Hmmmm I’m outnumbered here. If it was just my kid, I’d get mean. But… with all these other teens around… and what is with that chicky poo? “You can’t make us sleep…” Girls. They scare me.
“I’ll sleep out here with the guys tonight,” Kevin announces. And he moves his bedding from the south side of my RV to the north side, beside Clark. Then he pulls out a bag of jelly beans… he has a neat game to play. Grab a bean and eat it. Then tell everyone what flavor you got. In addition to regular sweet jellybeans, he also has some Harry Potter ones; with flavours like dirt, vomit, spinach, pepper…
At 1:00 the campground lights go out and in other areas of the Gorge, things quieten down. The area surrounding my RV did not. I’m embarrassed, but not sure what to do.
By 2:00, I try “shushing” them. They whisper abit, but then roar with laughter. Lying in the midst of them, Kevin appears to have fallen asleep. Inside my motor home, I’m disappointed by the thoughtlessness of the teens outside my door. Their faint murmurings are proof that, indeed, “I cannot make them sleep.”

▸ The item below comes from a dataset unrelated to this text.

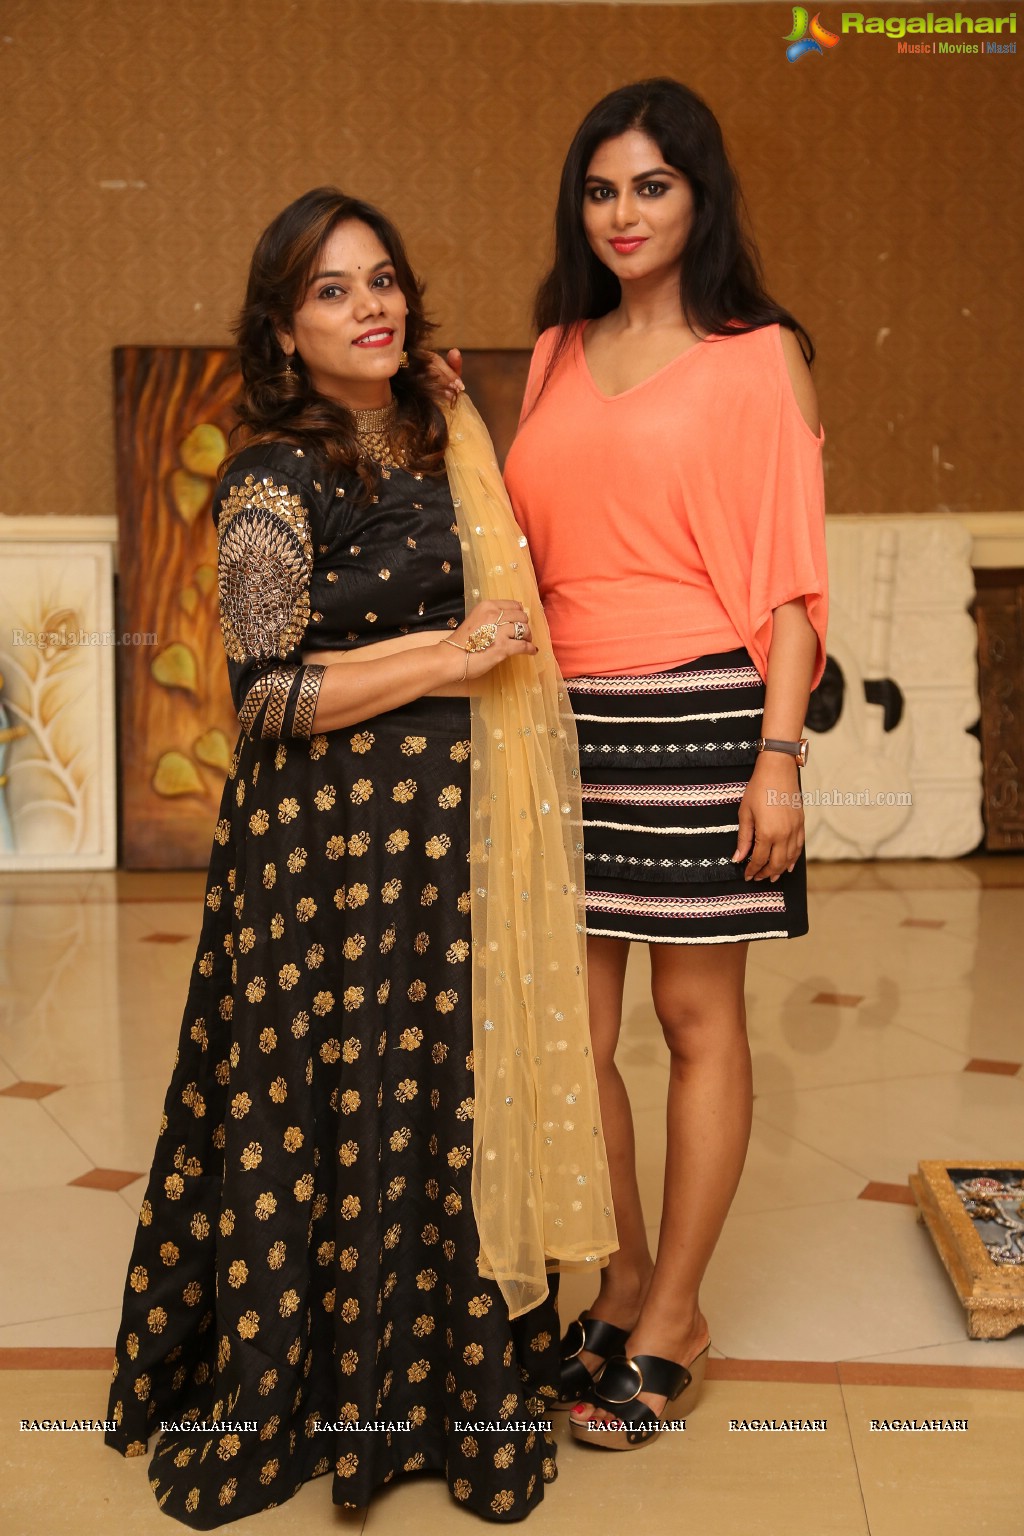 S-Mode by Swetha Reddy Exhibition and Sale at Filmnagar Cultural Center, Hyderabad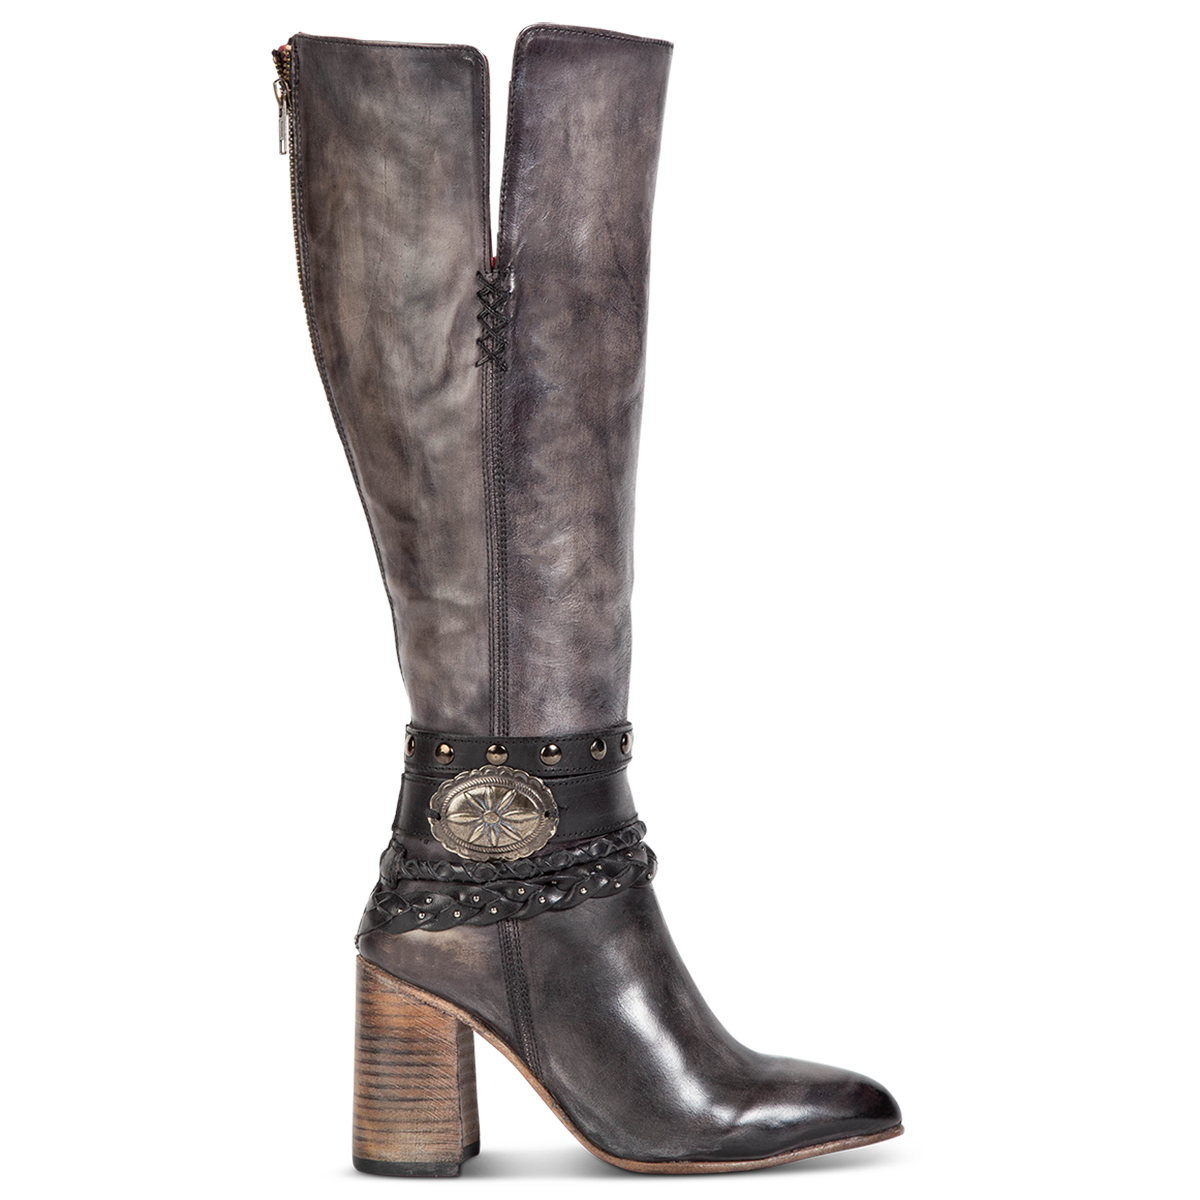 FREEBIRD women's Juniper black heeled boot featuring a pointed toe, back zip closure, and braided and studded ankle straps

At 2:30, just as I was going to speak to them again, Brian enters our yard. He is firm and direct, “Guys. This is enough. It’s late. Way past curfew and you are keeping a lot of people awake. It’s time to call it a night.”
Oh God. I am so embarrassed. What was I thinking, taking 6 boys along with me? I can’t handle them. I’m unfit. What must everyone be thinking? How can I face anyone tomorrow? I am so ashamed. I should have been stronger. I am the adult here. It’s not my place to be the ‘nice guy’… I should be the boss. God, this whole thing feels ruined. I feel sick. Everyone will know how incapable I am. I’m a typical single mom from Surrey – an ineffective parent with no control. My kids are going to become convicts. Criminals. Drug addicts. My home will end up being the hang out for gangs in the ‘hood. How am I going to be able to sit with anyone tomorrow? God, I have to say sorry to a bunch of people tomorrow don’t I? How about if I just pack up and go home instead? I am so humiliated.